Prompt
Go through the listing below and repeat it exactly, dropping the pictures.

++++ Data segment

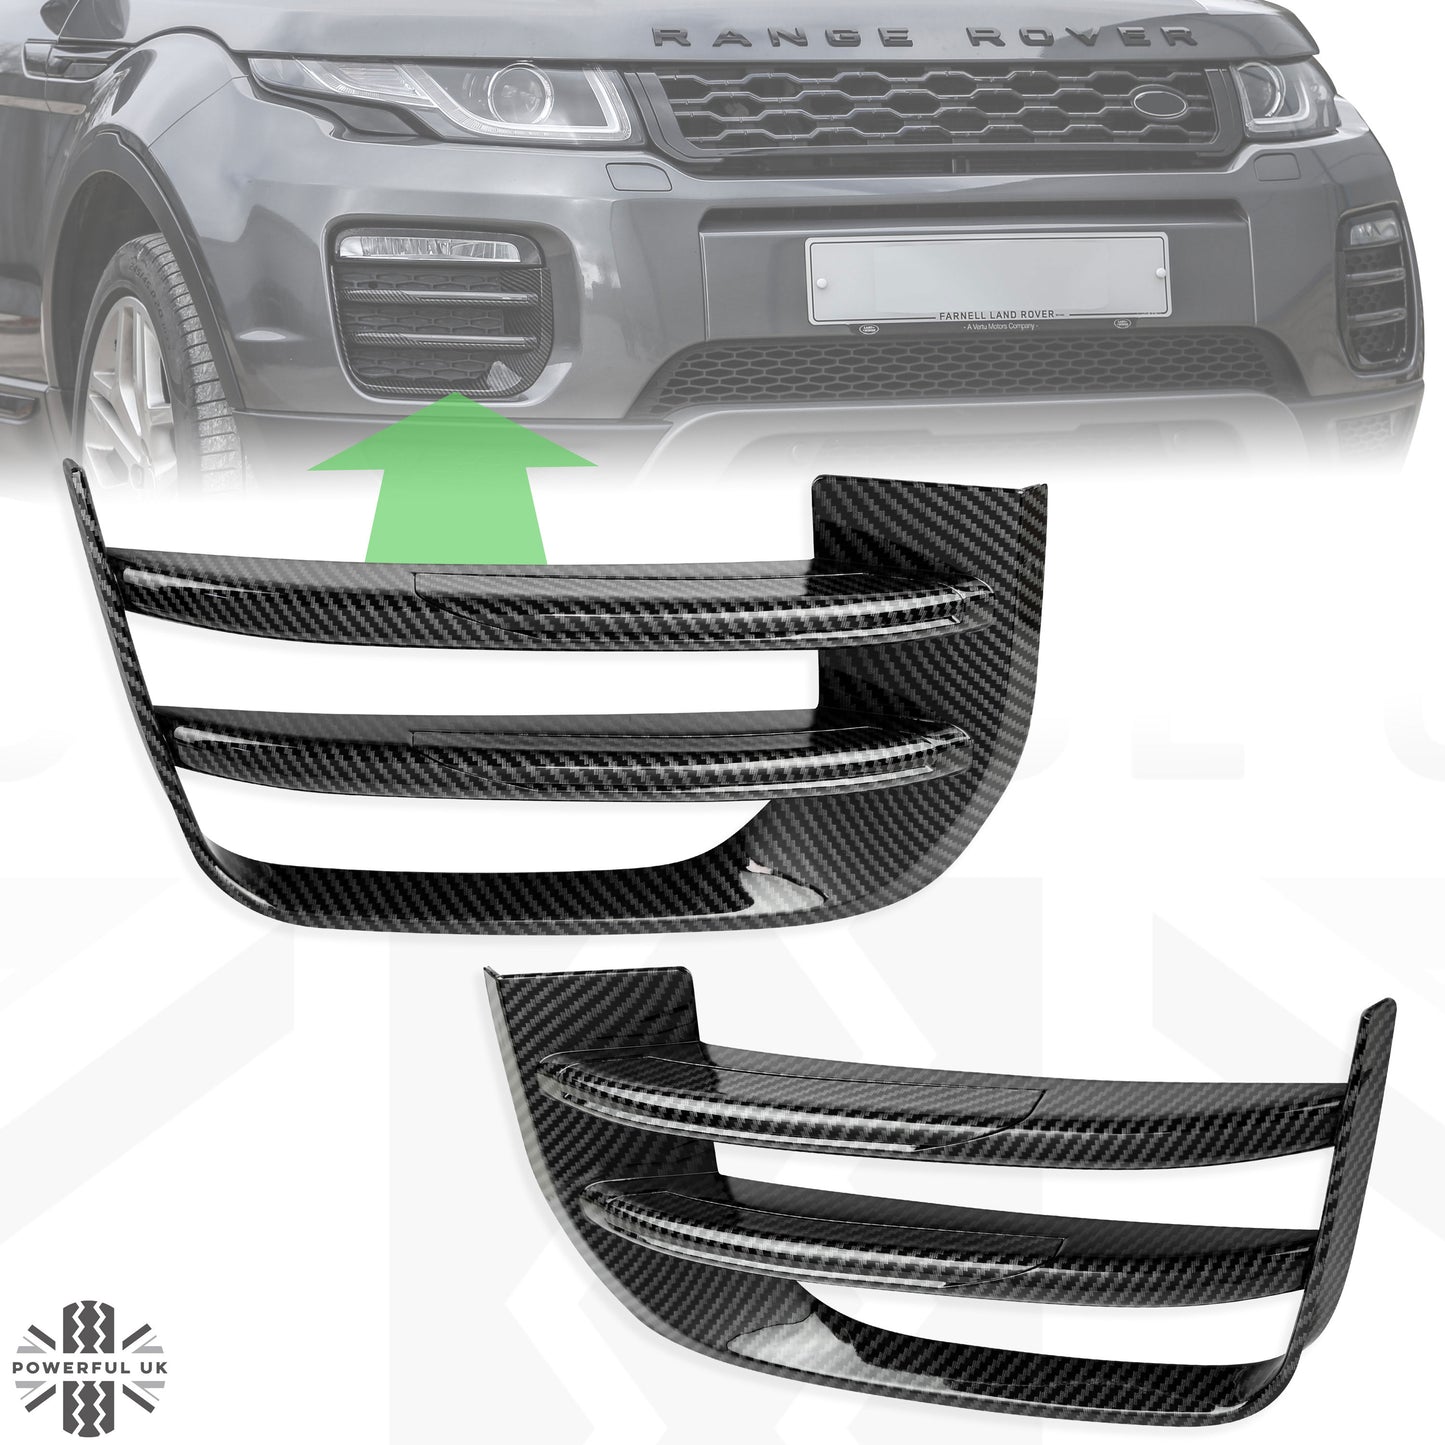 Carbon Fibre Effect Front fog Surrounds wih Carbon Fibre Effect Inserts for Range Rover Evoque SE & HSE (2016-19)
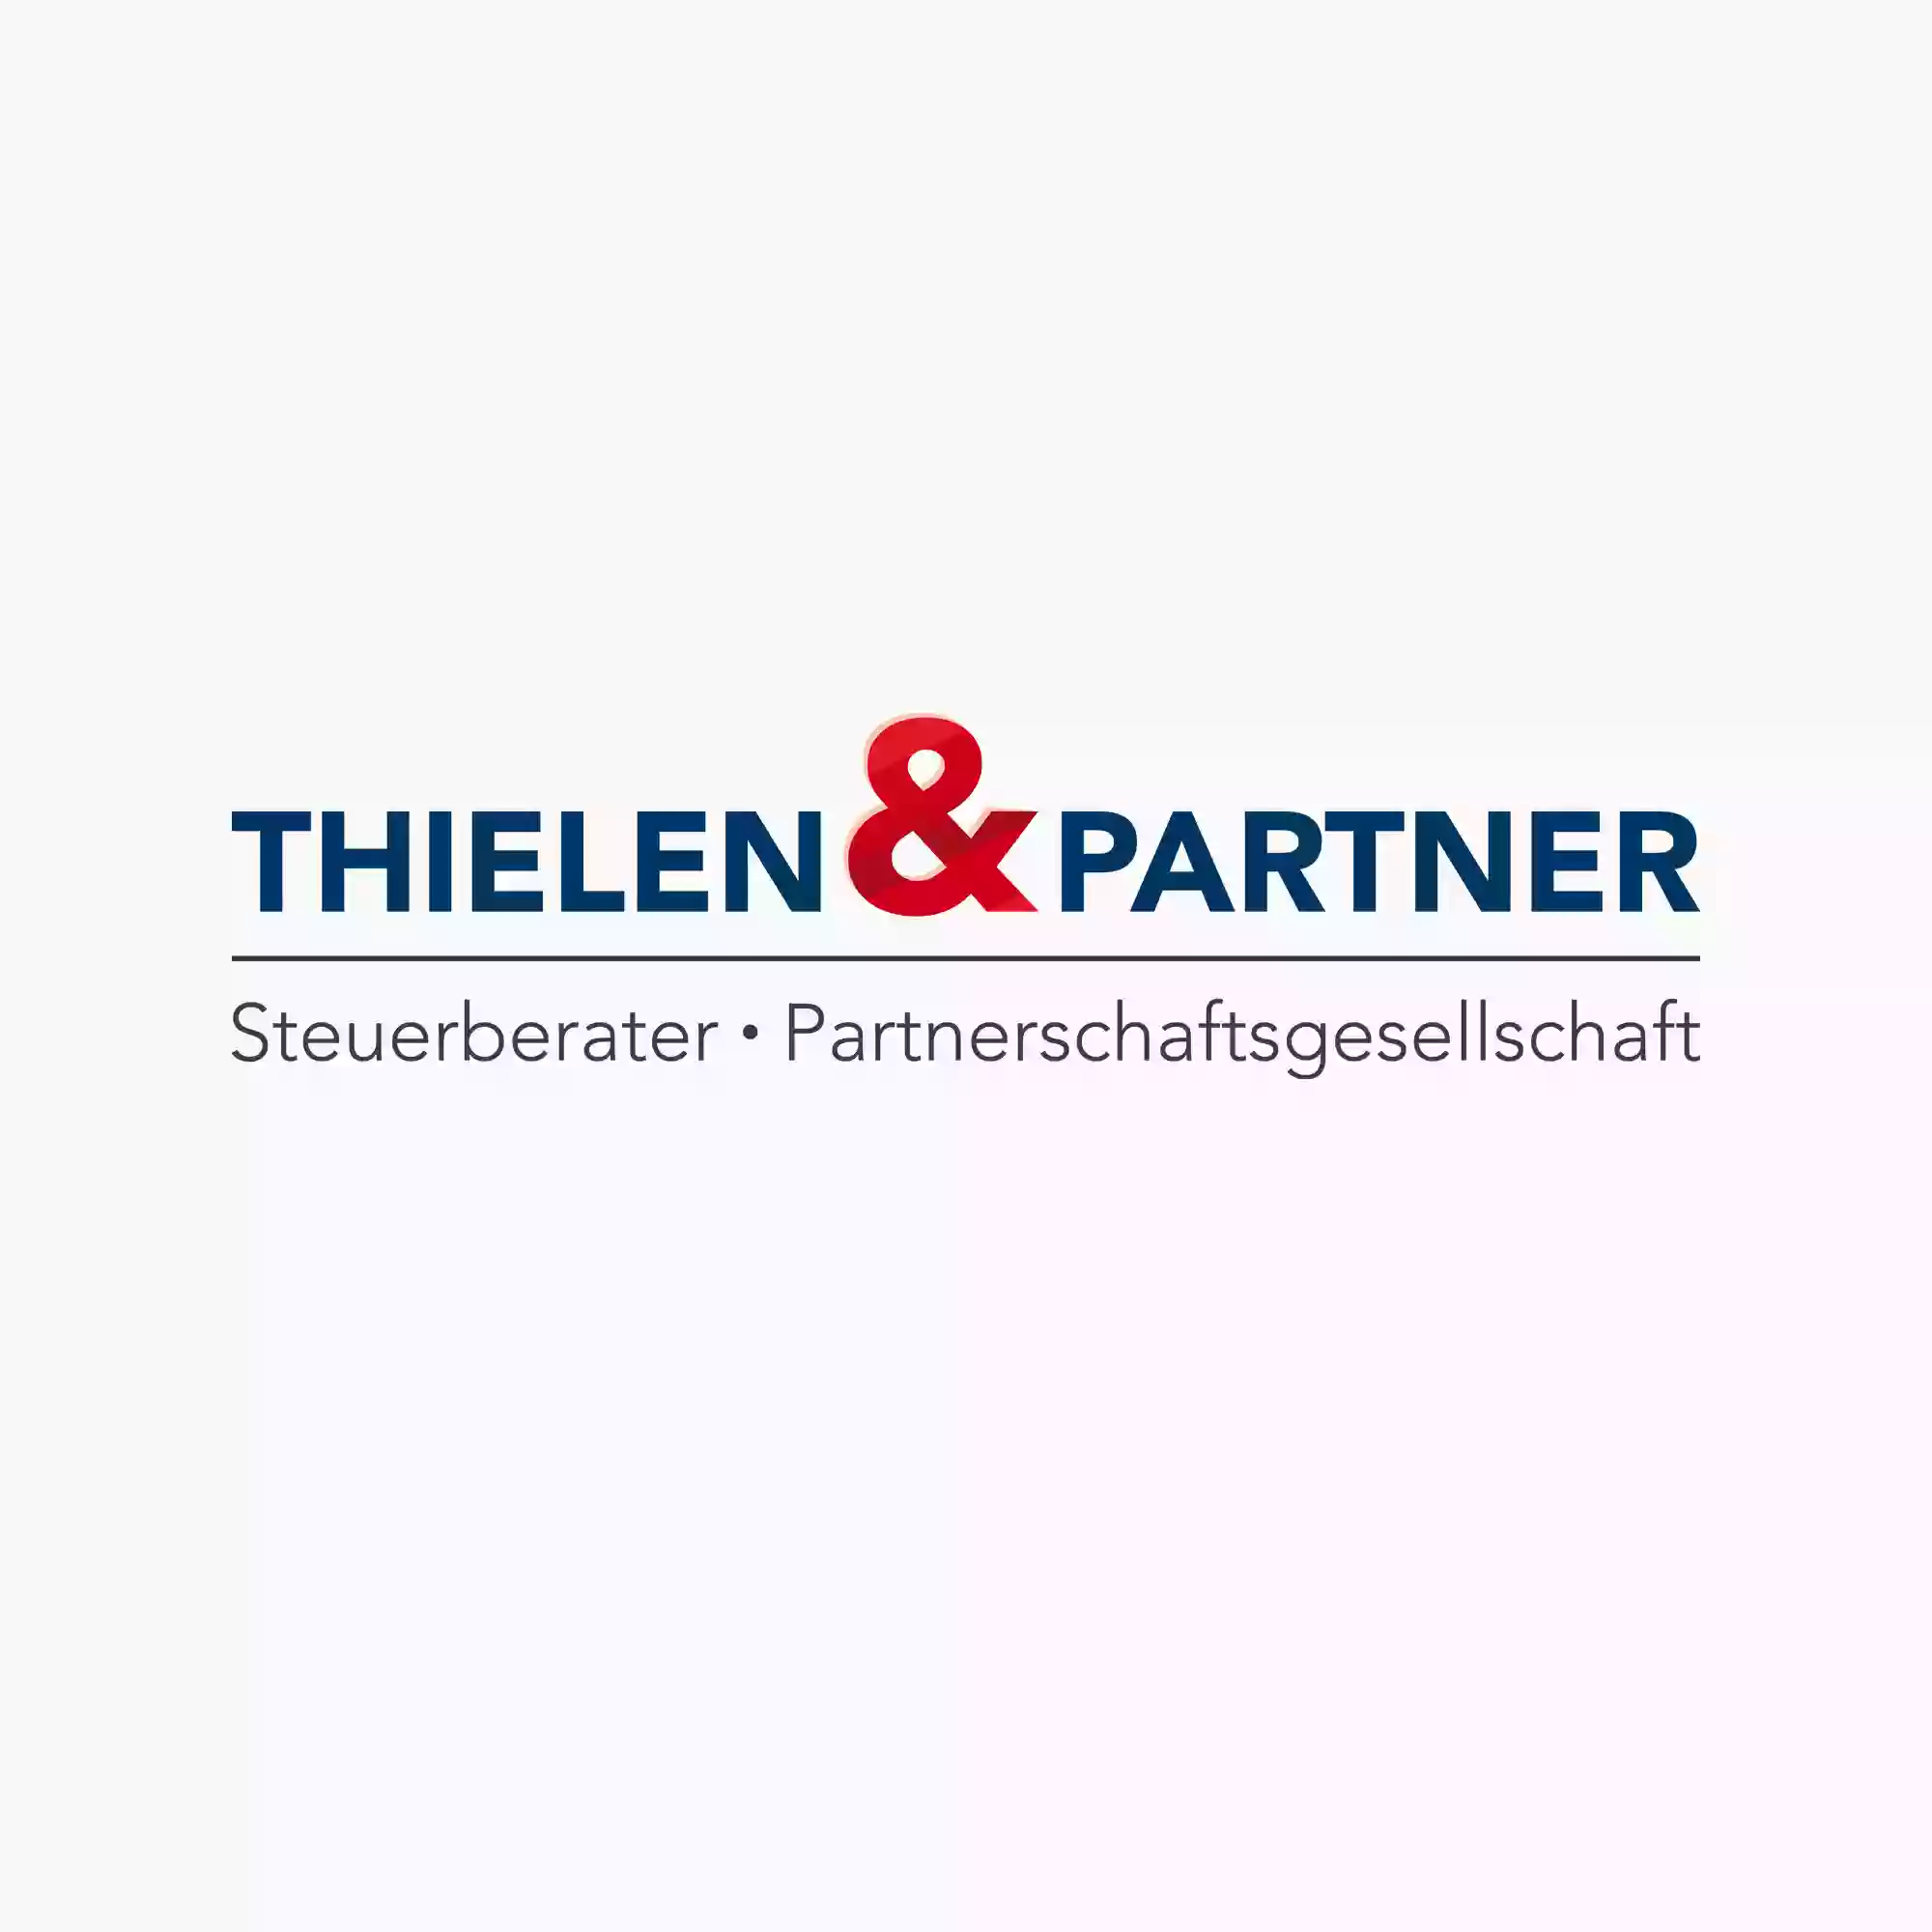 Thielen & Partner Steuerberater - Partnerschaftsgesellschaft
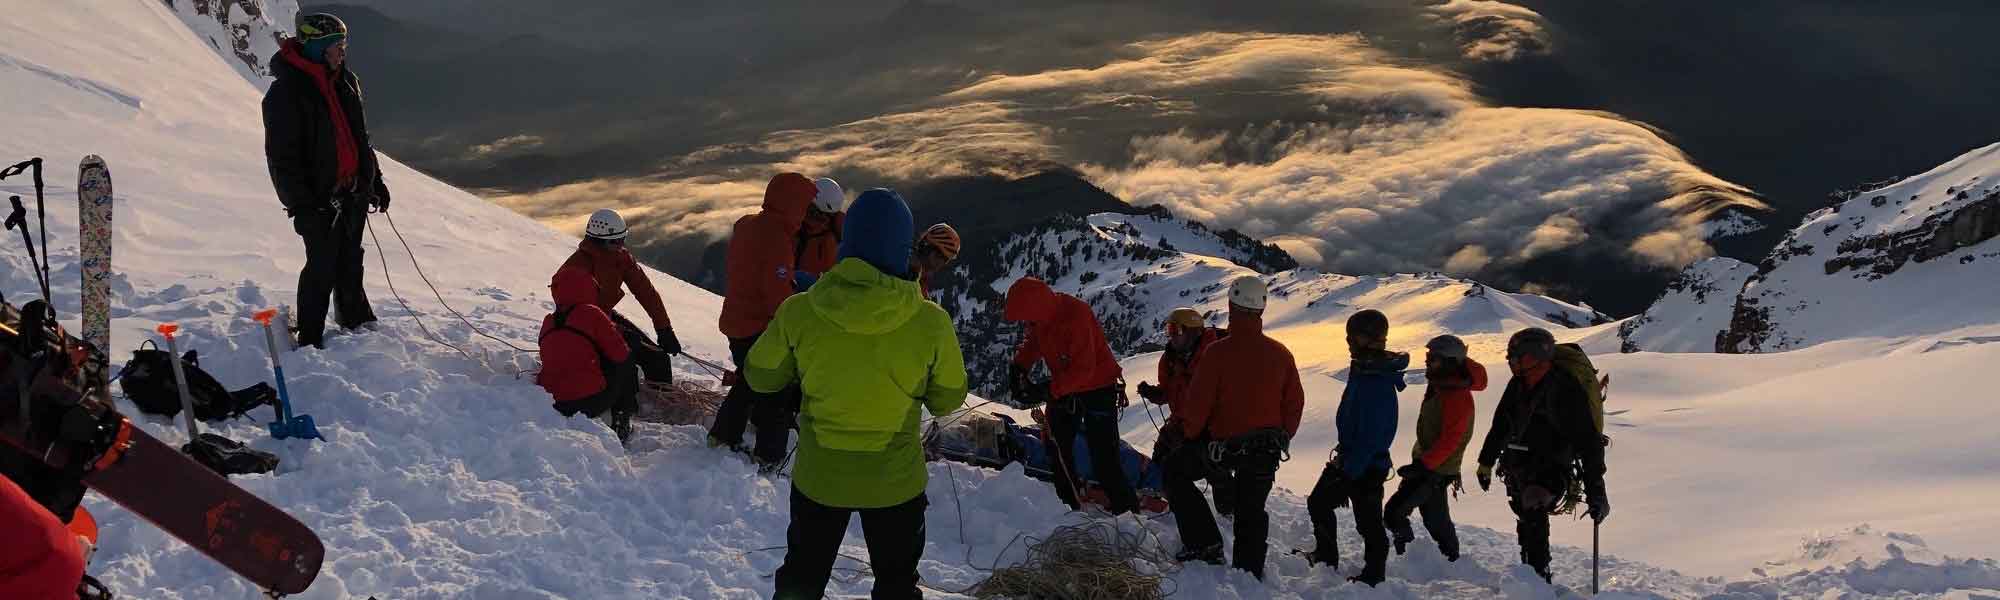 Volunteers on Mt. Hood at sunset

++++++++

Task result
 Carbon Fibre Effect Front fog Surrounds wih Carbon Fibre Effect Inserts for Range Rover Evoque SE & HSE (2016-19)
 Thielen & Partner Steuerberater - Partnerschaftsgesellschaft
 Volunteers on Mt. Hood at sunset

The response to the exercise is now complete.